Chromatin immunoprecipitation and sequencing (ChIP-seq) analysis in YAMC cells showing the number of significantly enriched regions detected for each histone modification marker: (A). Heatmap of H3K27Ac sequencing-depth-normalized read coverage around 3 kb upstream and downstream from the transcription start site (TSS) of Lgr5 (top panel); sites enriched for the H3K27Ac marker around a 100 kb region from the TSS of the Lgr5 gene in N, CR, and CR+Butyrate (bottom panel). (B).

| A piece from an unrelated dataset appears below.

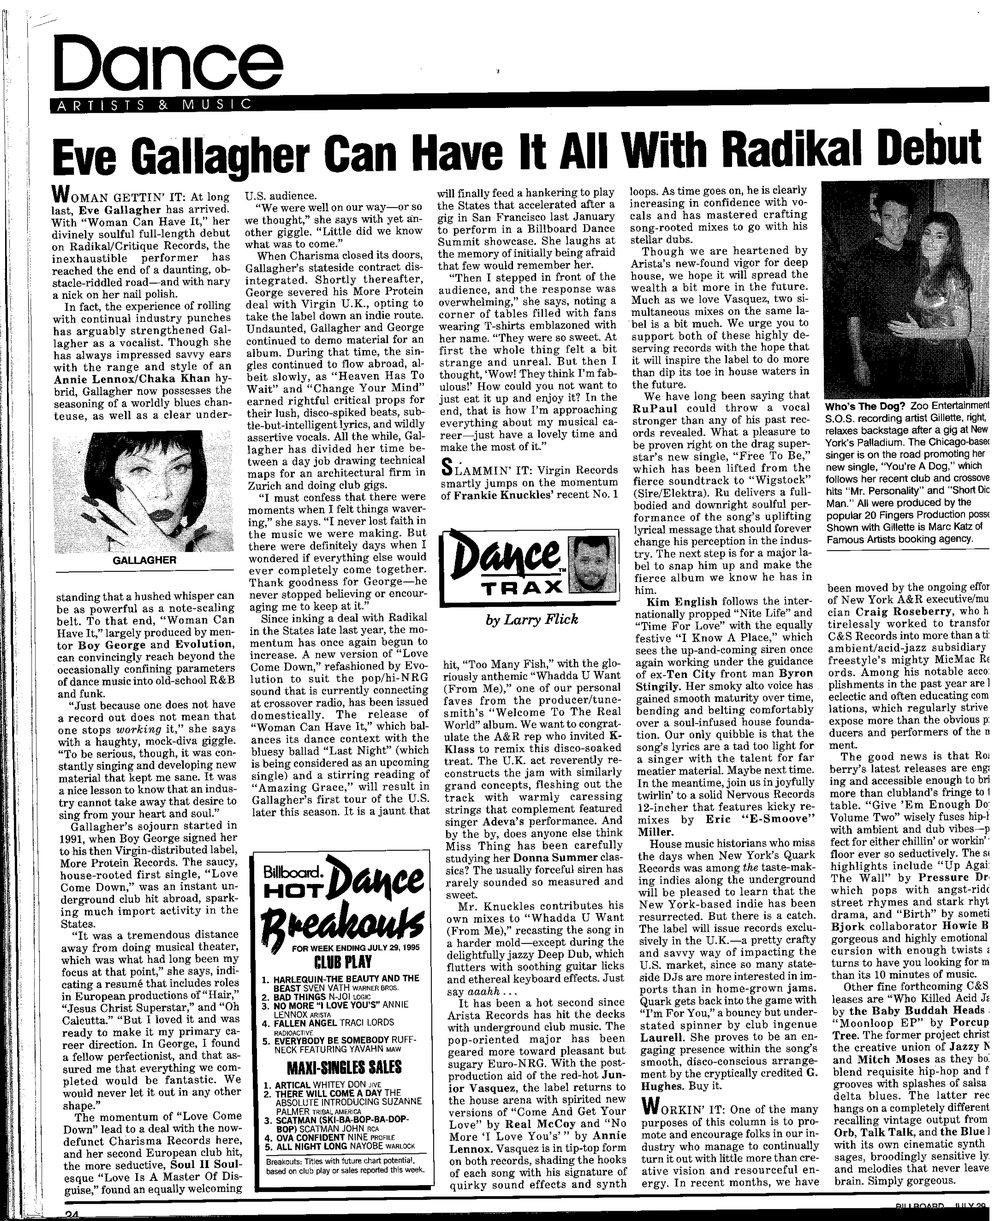 WLWLTDOO-1995-GILLETTE-BILLBOARD-YOD_PROMO_PHOTO-29JULY1995.jpg
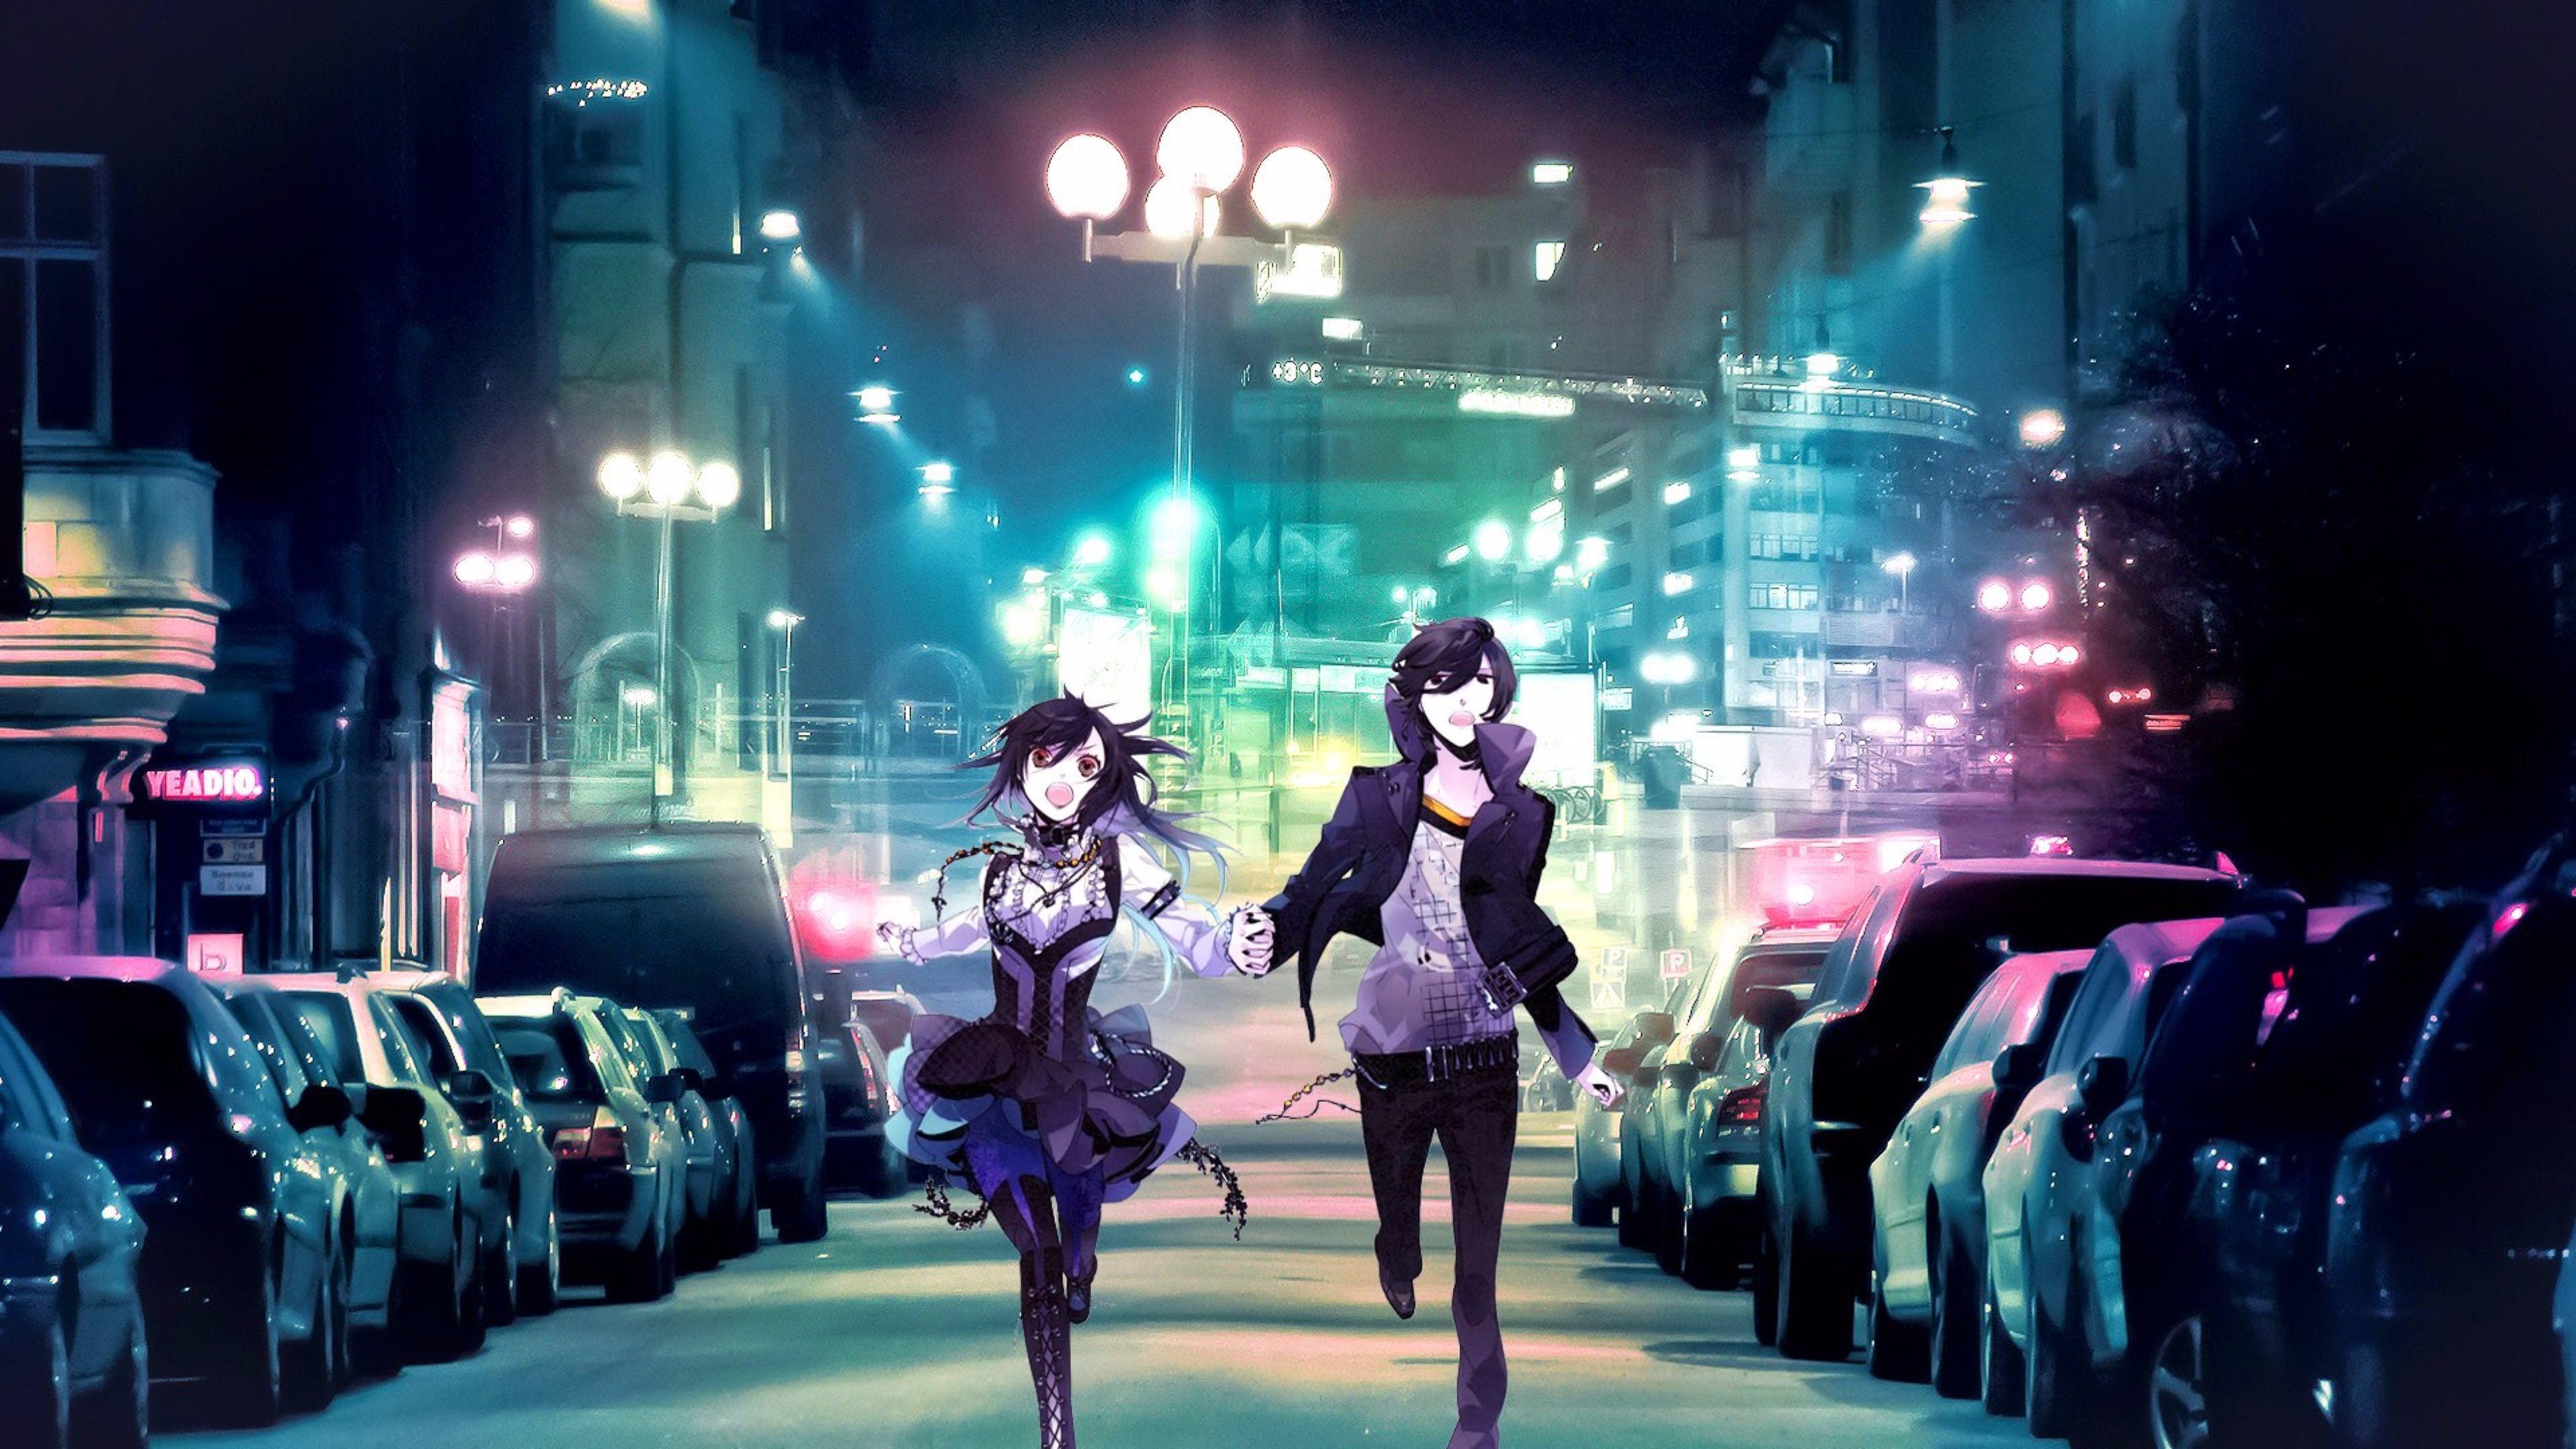 Ảnh nền 4K anime

Heatmap of H3K4me3 sequencing-depth-normalized read coverage around 3 kb upstream and downstream from the transcription start site (TSS) of Lgr5 (top panel); sites enriched for the H3K4me3 marker around a 100 kb region from the TSS of the Lgr5 gene in N, CR, and CR+Butyrate (bottom panel); (C). Heatmap of H3K9Ac sequencing-depth-normalized read coverage around 3 kb upstream and downstream from the transcription start site (TSS) of Lgr5. (D). Two upstream sites (8413 bp and 88,142 bp) enriched for H3K9ac in CR that contained conserved binding motifs for several known TFs. (E). The number of significantly enriched regions detected for each histone modification marker in several groups.